#### WHAT THE TASK ASKS
From the listing below, give again exactly the lines from the line with "R5-1-8 Personalized Mothers" to the line with "the witcher 3", ends included, without any pictures.

#### THE DATA
= = = =

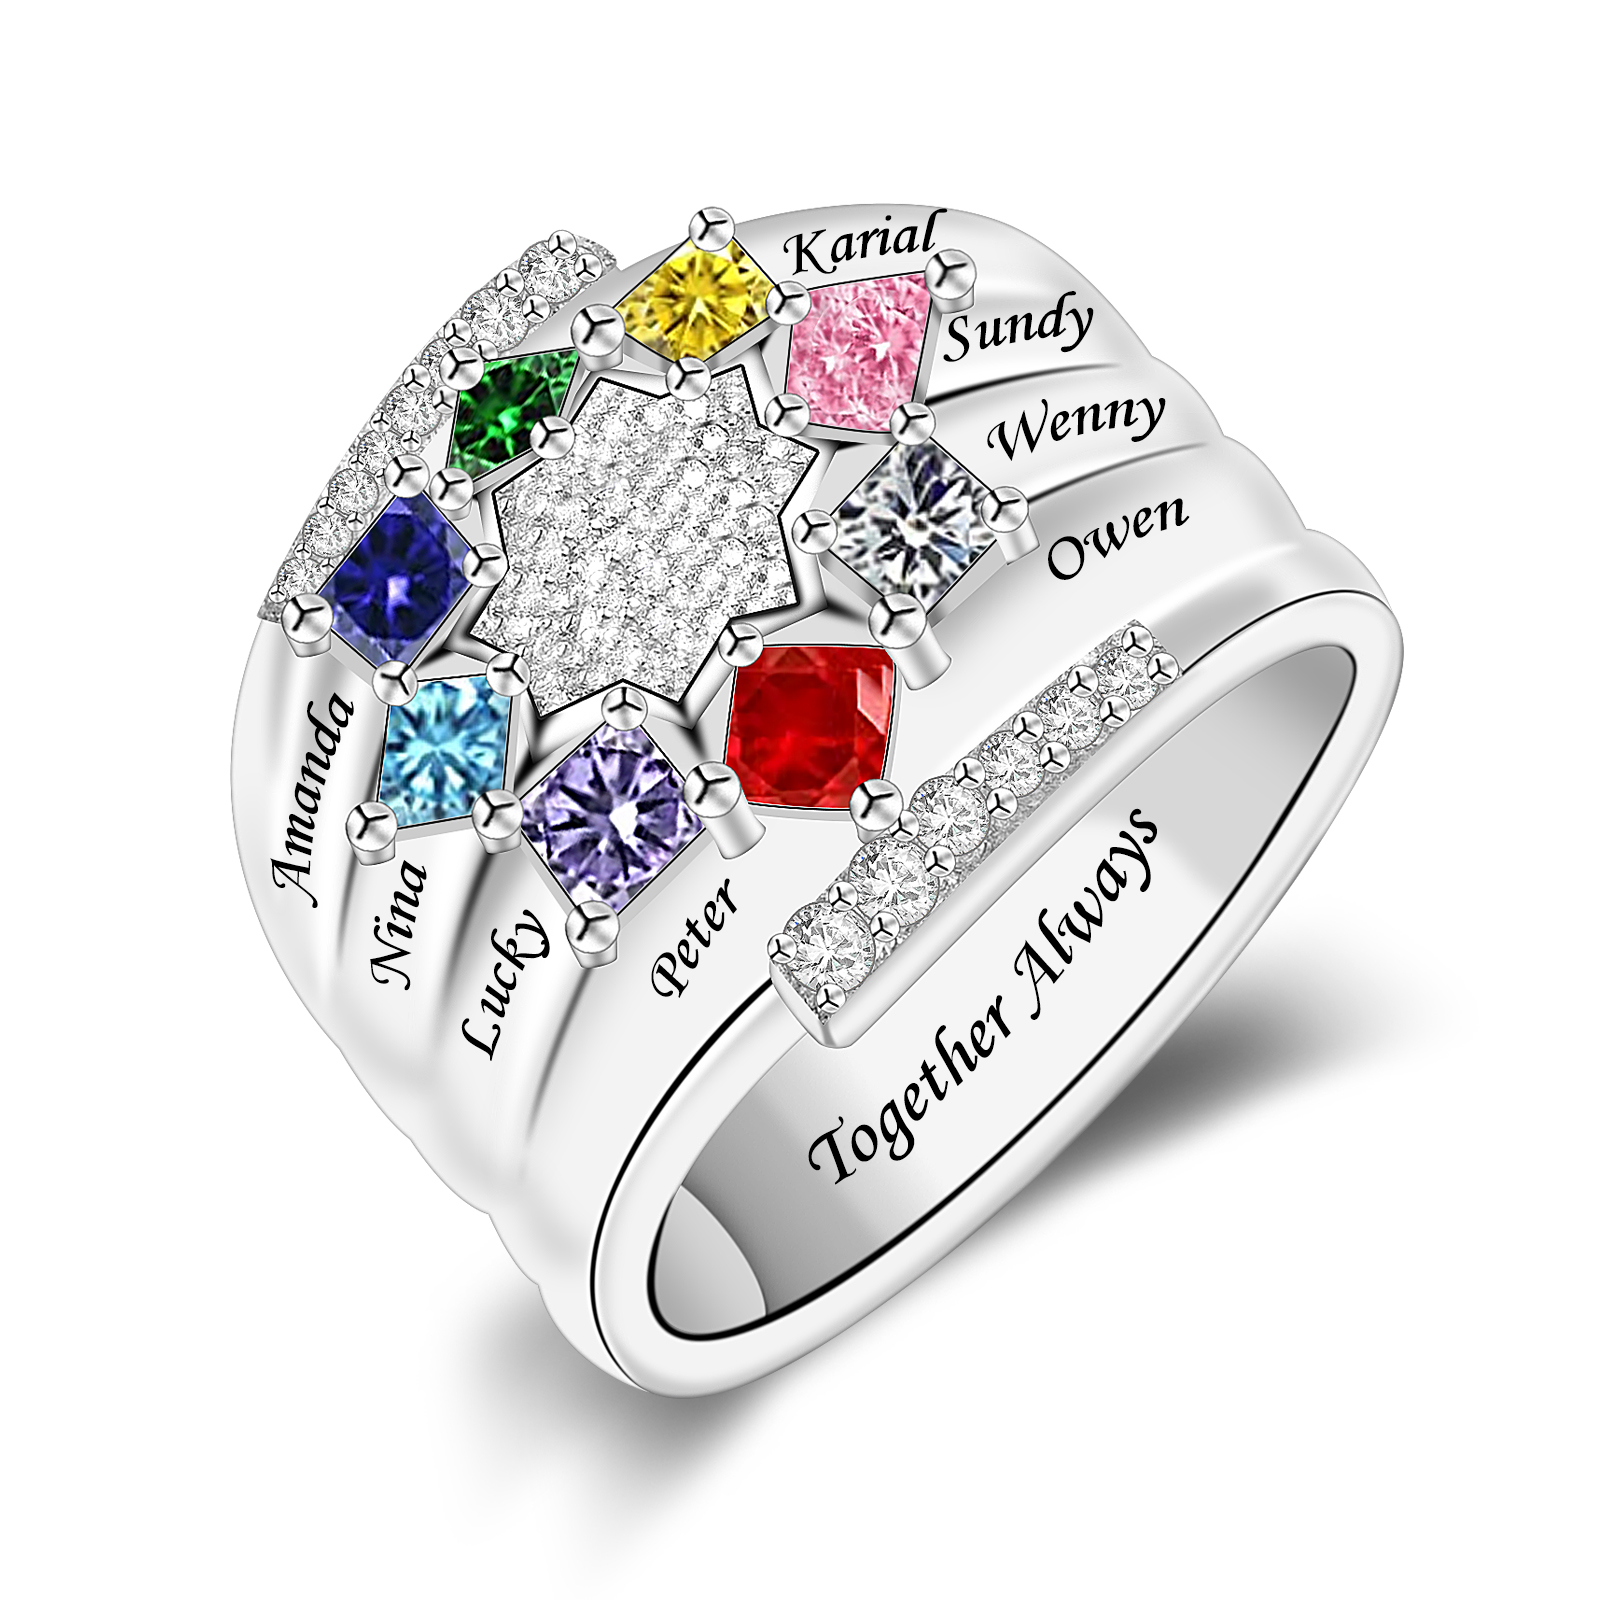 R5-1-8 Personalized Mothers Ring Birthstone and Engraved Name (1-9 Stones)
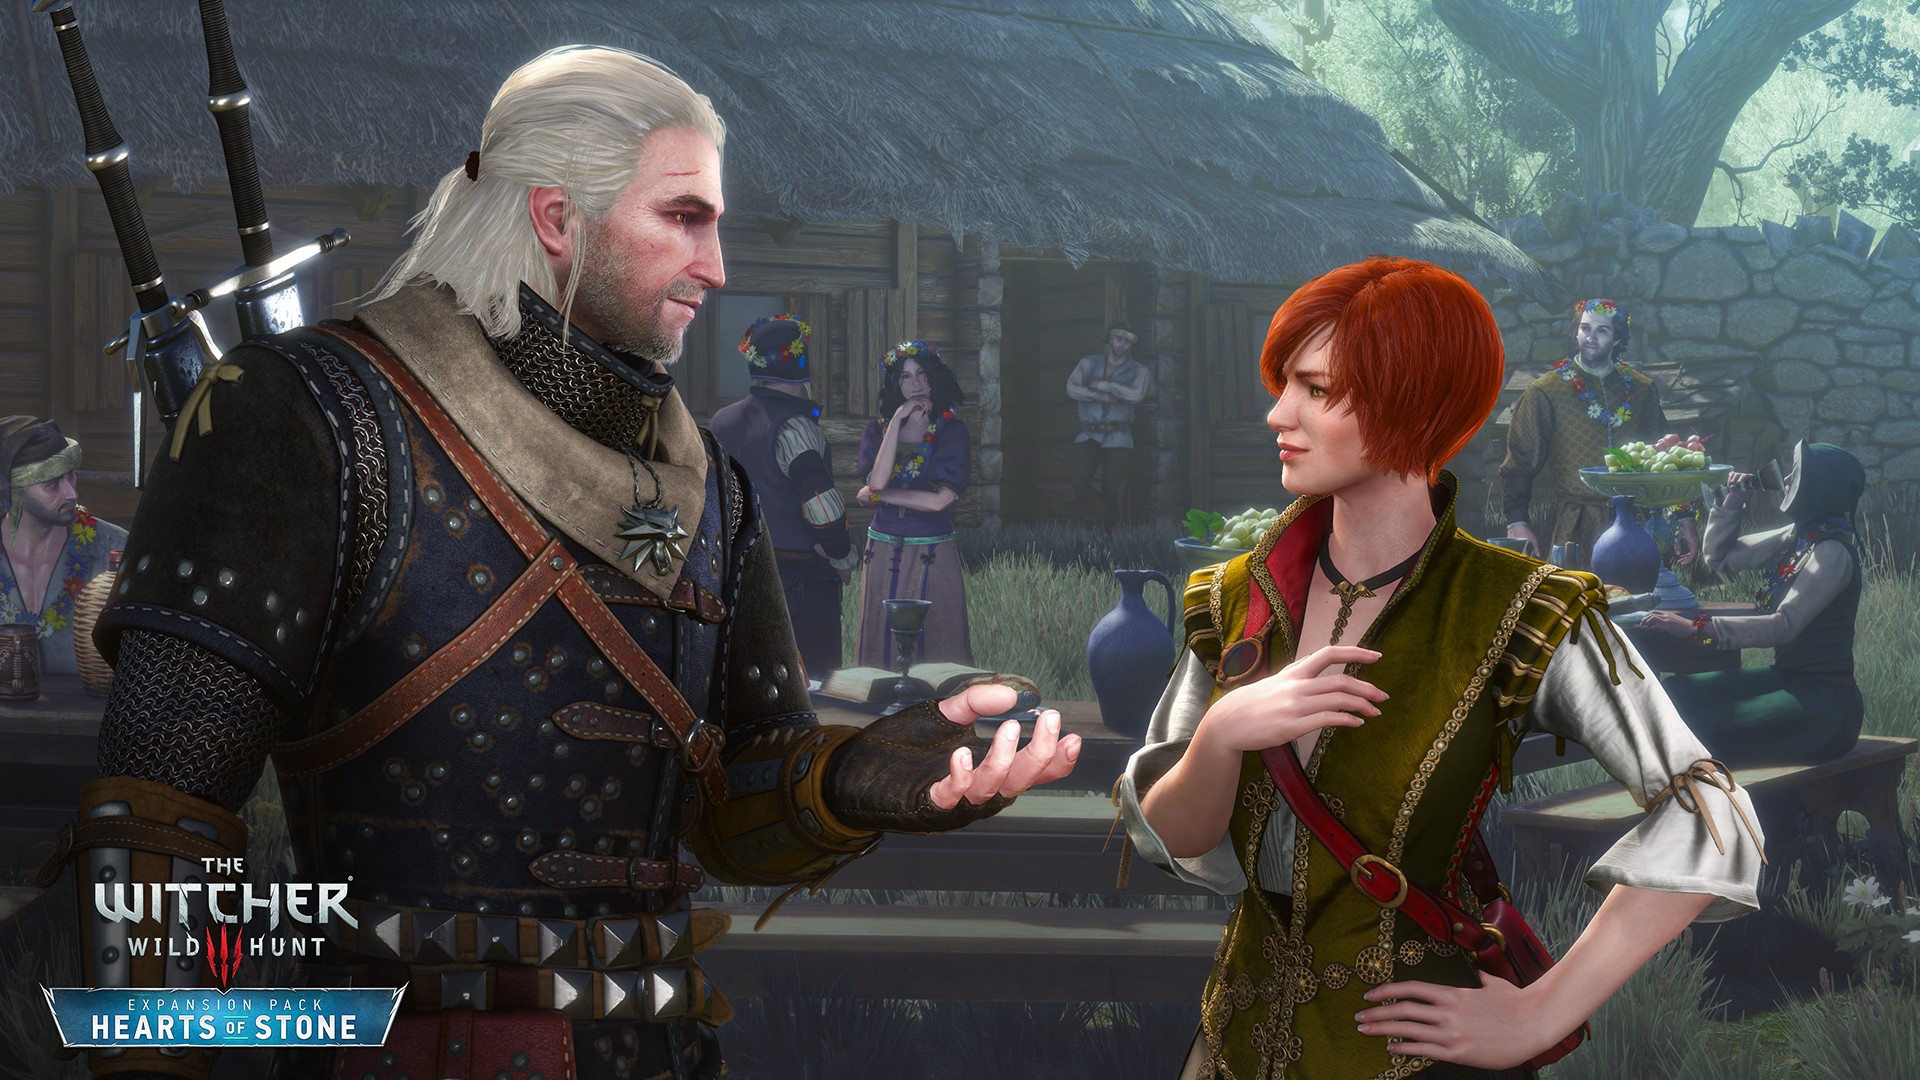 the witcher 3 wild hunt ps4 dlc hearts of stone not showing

= = = =

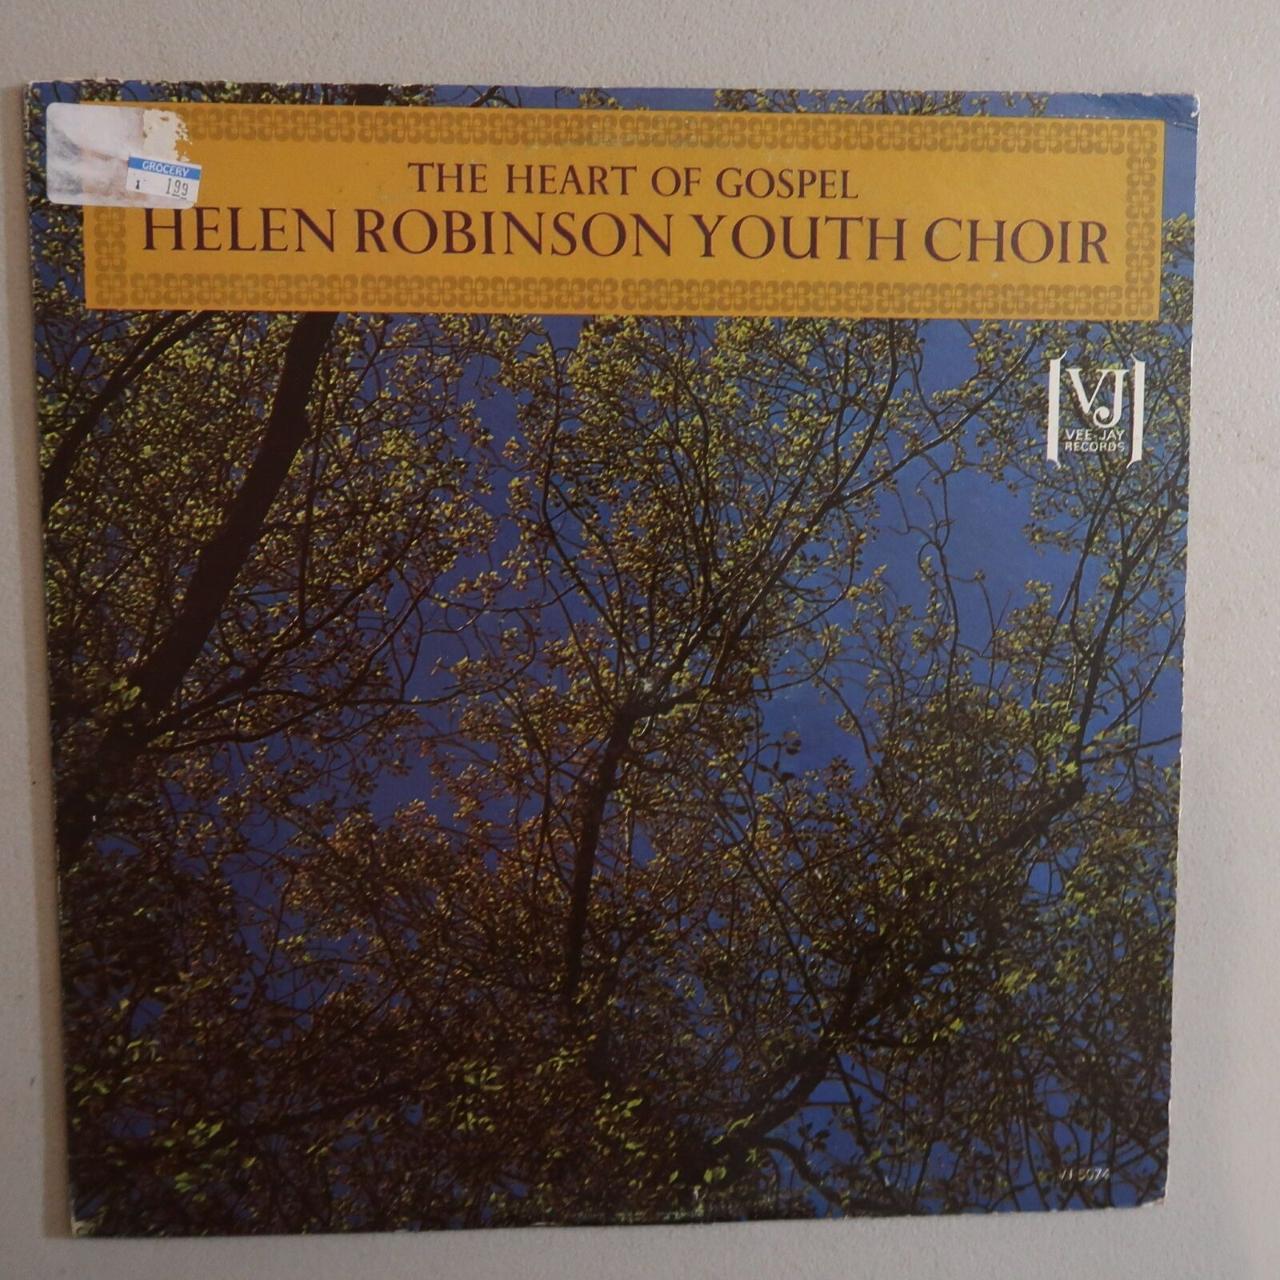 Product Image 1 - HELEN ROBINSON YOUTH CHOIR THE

= = = =

#### EXERCISE RESPONSE
 R5-1-8 Personalized Mothers Ring Birthstone and Engraved Name (1-9 Stones)
 the witcher 3 wild hunt ps4 dlc hearts of stone not showing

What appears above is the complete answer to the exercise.